As a strategic digital partner, Kellton Tech will blend automation with smart cloud capabilities to build a hyper-scalable content management system that facilitates the capture, aggregation, management, and record of information faster and more conveniently through a plug-and-play approach. The new CMS will be built on a foundation of self-learning, analytical technologies to enable personalized content recommendations and delivery for boosting viewer engagement and maximizing the value of subscription-based revenue constantly.
Karanjit Singh, CEO – Kellton Tech India, said, “Our collaboration with ZEE5 marks the beginning of an important collaborative milestone for Kellton Tech. This is a huge opportunity for us to showcase our forward-looking digital capabilities and deploy our bespoke integrated planning approaches. This project, powered by new-age digital technologies, will provide access to relevant insights and help ZEE5 gain operational efficiency, resulting in faster creation, moderation, and dissemination of content.
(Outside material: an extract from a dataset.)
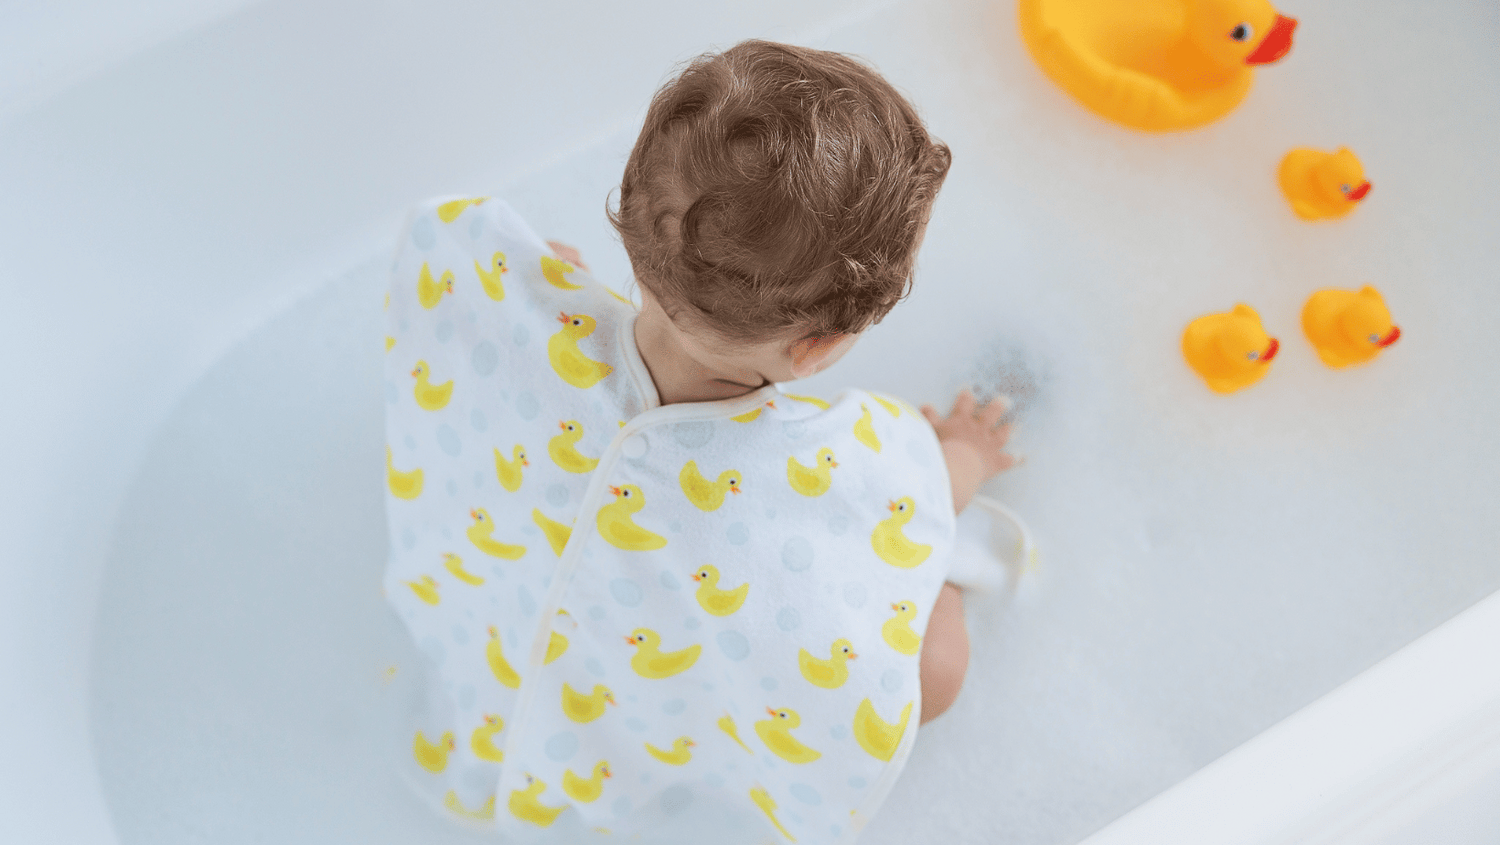 Yellow duck bath towel, bath ducks floating in warm bubble bath, child playing with yellow bath ducks
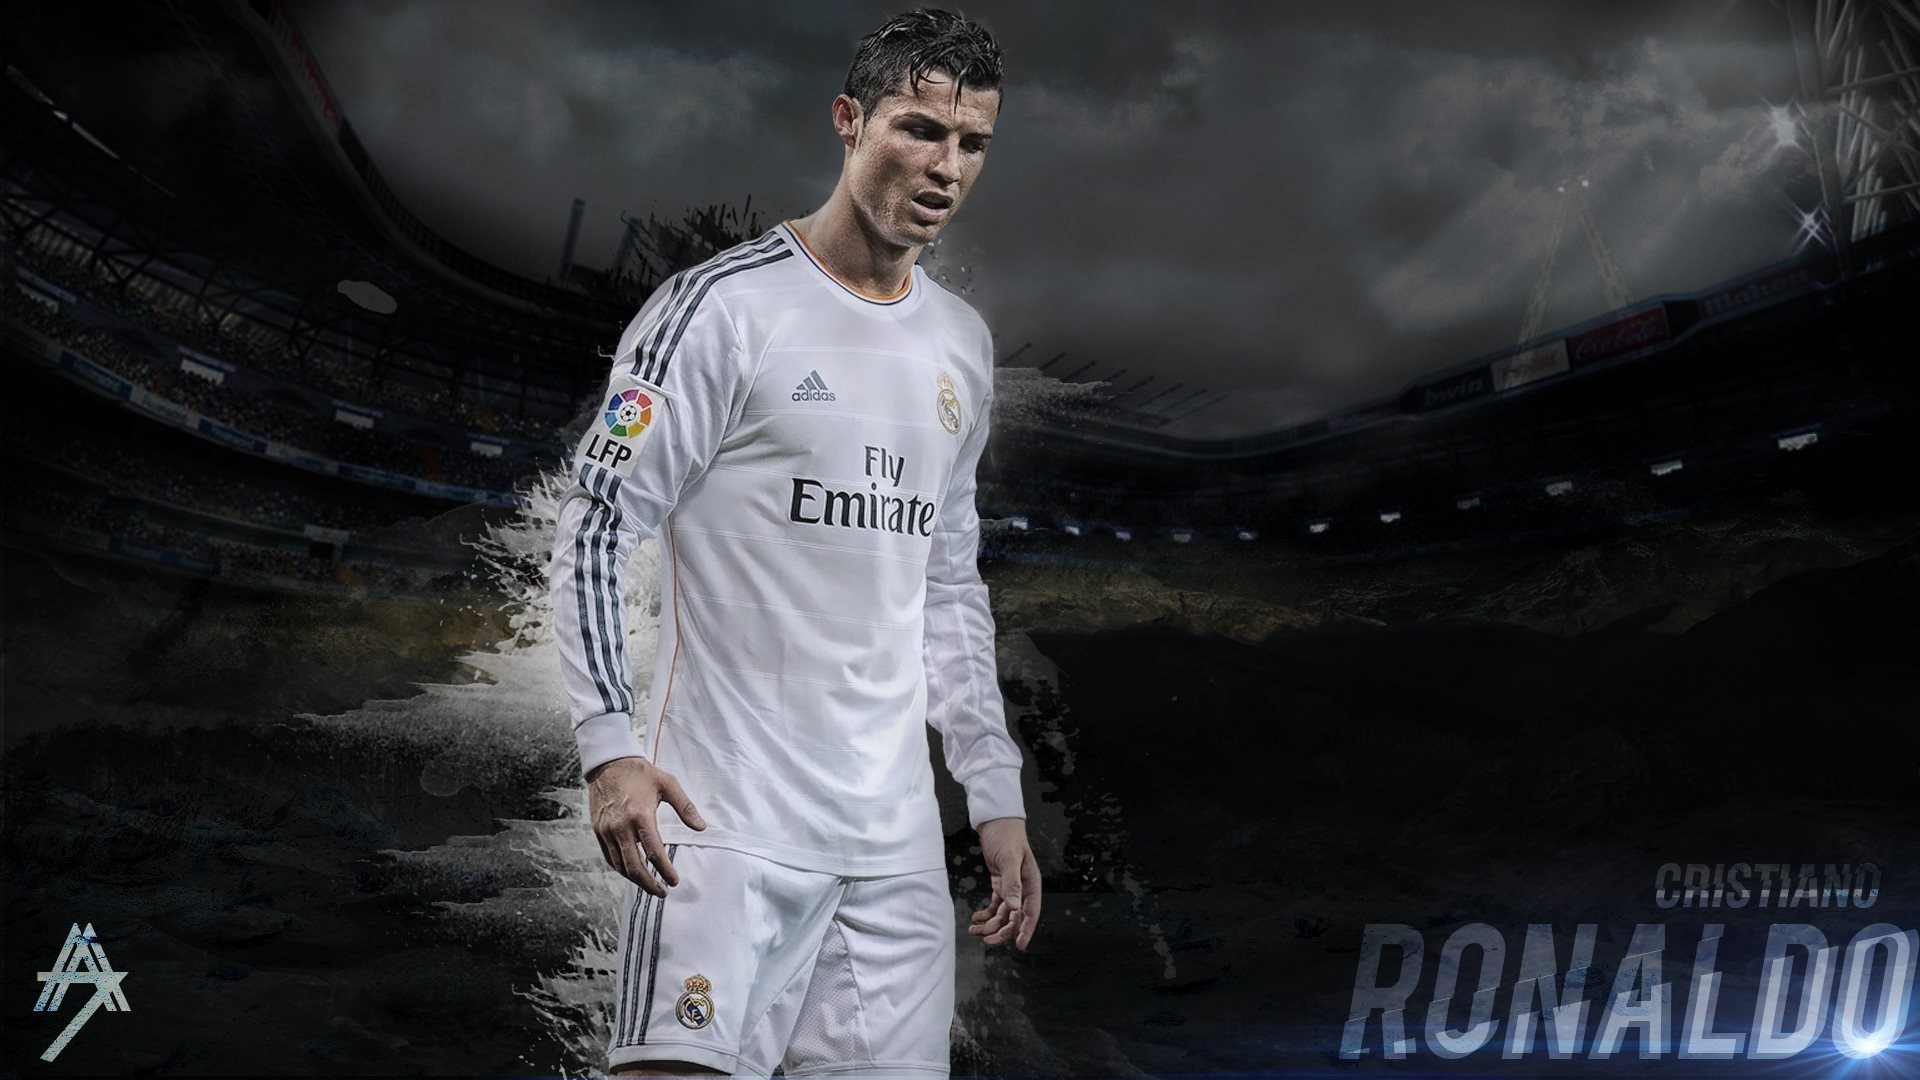 1920x1080 Wallpaper: Cristiano Ronaldo. High Definition HD

We look forward to creating long-lasting value for ZEE5 and supporting its growth momentum.”
Rajneel Kumar, Business Head – Expansion Projects & Head Products at ZEE5 India, said, “ZEE5 is a classic consumer first brand and it takes the best of content, data and cutting-edge technology to delight users on the go. Our partnership with Kellton Tech is one such strategic step taken towards optimizing the platform capabilities to stay relevant, facilitate greater user engagement, conversion, and retention. We are committed to invest aggressively in technology that enables us to deliver a superlative content viewing experience for our audiences anytime, anywhere.”